● **Requirement**: Output an exact reproduction of the data.

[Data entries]

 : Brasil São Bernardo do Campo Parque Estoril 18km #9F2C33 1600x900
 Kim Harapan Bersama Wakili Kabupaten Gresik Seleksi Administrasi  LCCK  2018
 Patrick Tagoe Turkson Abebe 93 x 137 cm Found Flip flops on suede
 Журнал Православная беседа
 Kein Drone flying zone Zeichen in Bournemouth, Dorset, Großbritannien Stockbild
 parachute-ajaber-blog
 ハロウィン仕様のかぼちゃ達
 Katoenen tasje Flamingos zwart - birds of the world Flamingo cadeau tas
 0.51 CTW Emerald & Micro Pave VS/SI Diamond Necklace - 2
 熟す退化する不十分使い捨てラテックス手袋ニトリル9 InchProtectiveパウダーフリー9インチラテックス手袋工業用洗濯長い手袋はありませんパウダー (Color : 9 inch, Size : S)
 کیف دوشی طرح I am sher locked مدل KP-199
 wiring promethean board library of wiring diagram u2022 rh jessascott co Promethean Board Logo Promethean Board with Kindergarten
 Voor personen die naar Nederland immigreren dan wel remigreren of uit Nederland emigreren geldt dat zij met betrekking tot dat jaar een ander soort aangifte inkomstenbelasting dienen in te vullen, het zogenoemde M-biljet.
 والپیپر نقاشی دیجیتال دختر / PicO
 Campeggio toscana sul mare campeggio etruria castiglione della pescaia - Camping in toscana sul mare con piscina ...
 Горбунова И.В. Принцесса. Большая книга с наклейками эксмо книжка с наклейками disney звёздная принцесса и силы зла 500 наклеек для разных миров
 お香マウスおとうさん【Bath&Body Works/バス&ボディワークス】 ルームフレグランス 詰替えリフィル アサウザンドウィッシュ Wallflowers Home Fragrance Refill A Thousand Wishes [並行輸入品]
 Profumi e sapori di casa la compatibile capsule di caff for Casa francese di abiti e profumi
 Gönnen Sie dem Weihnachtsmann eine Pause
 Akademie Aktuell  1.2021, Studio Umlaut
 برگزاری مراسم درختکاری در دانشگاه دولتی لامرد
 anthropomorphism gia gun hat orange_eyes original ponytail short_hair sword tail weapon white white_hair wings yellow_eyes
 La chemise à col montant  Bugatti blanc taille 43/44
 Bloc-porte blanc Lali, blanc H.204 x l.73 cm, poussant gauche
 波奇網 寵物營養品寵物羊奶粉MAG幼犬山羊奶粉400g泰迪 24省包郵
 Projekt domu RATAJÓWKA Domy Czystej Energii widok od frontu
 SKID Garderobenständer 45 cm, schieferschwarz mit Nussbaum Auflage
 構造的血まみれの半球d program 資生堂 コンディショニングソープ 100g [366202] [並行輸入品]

● **The completed task**:
 : Brasil São Bernardo do Campo Parque Estoril 18km #9F2C33 1600x900
 Kim Harapan Bersama Wakili Kabupaten Gresik Seleksi Administrasi  LCCK  2018
 Patrick Tagoe Turkson Abebe 93 x 137 cm Found Flip flops on suede
 Журнал Православная беседа
 Kein Drone flying zone Zeichen in Bournemouth, Dorset, Großbritannien Stockbild
 parachute-ajaber-blog
 ハロウィン仕様のかぼちゃ達
 Katoenen tasje Flamingos zwart - birds of the world Flamingo cadeau tas
 0.51 CTW Emerald & Micro Pave VS/SI Diamond Necklace - 2
 熟す退化する不十分使い捨てラテックス手袋ニトリル9 InchProtectiveパウダーフリー9インチラテックス手袋工業用洗濯長い手袋はありませんパウダー (Color : 9 inch, Size : S)
 کیف دوشی طرح I am sher locked مدل KP-199
 wiring promethean board library of wiring diagram u2022 rh jessascott co Promethean Board Logo Promethean Board with Kindergarten
 Voor personen die naar Nederland immigreren dan wel remigreren of uit Nederland emigreren geldt dat zij met betrekking tot dat jaar een ander soort aangifte inkomstenbelasting dienen in te vullen, het zogenoemde M-biljet.
 والپیپر نقاشی دیجیتال دختر / PicO
 Campeggio toscana sul mare campeggio etruria castiglione della pescaia - Camping in toscana sul mare con piscina ...
 Горбунова И.В. Принцесса. Большая книга с наклейками эксмо книжка с наклейками disney звёздная принцесса и силы зла 500 наклеек для разных миров
 お香マウスおとうさん【Bath&Body Works/バス&ボディワークス】 ルームフレグランス 詰替えリフィル アサウザンドウィッシュ Wallflowers Home Fragrance Refill A Thousand Wishes [並行輸入品]
 Profumi e sapori di casa la compatibile capsule di caff for Casa francese di abiti e profumi
 Gönnen Sie dem Weihnachtsmann eine Pause
 Akademie Aktuell  1.2021, Studio Umlaut
 برگزاری مراسم درختکاری در دانشگاه دولتی لامرد
 anthropomorphism gia gun hat orange_eyes original ponytail short_hair sword tail weapon white white_hair wings yellow_eyes
 La chemise à col montant  Bugatti blanc taille 43/44
 Bloc-porte blanc Lali, blanc H.204 x l.73 cm, poussant gauche
 波奇網 寵物營養品寵物羊奶粉MAG幼犬山羊奶粉400g泰迪 24省包郵
 Projekt domu RATAJÓWKA Domy Czystej Energii widok od frontu
 SKID Garderobenständer 45 cm, schieferschwarz mit Nussbaum Auflage
 構造的血まみれの半球d program 資生堂 コンディショニングソープ 100g [366202] [並行輸入品]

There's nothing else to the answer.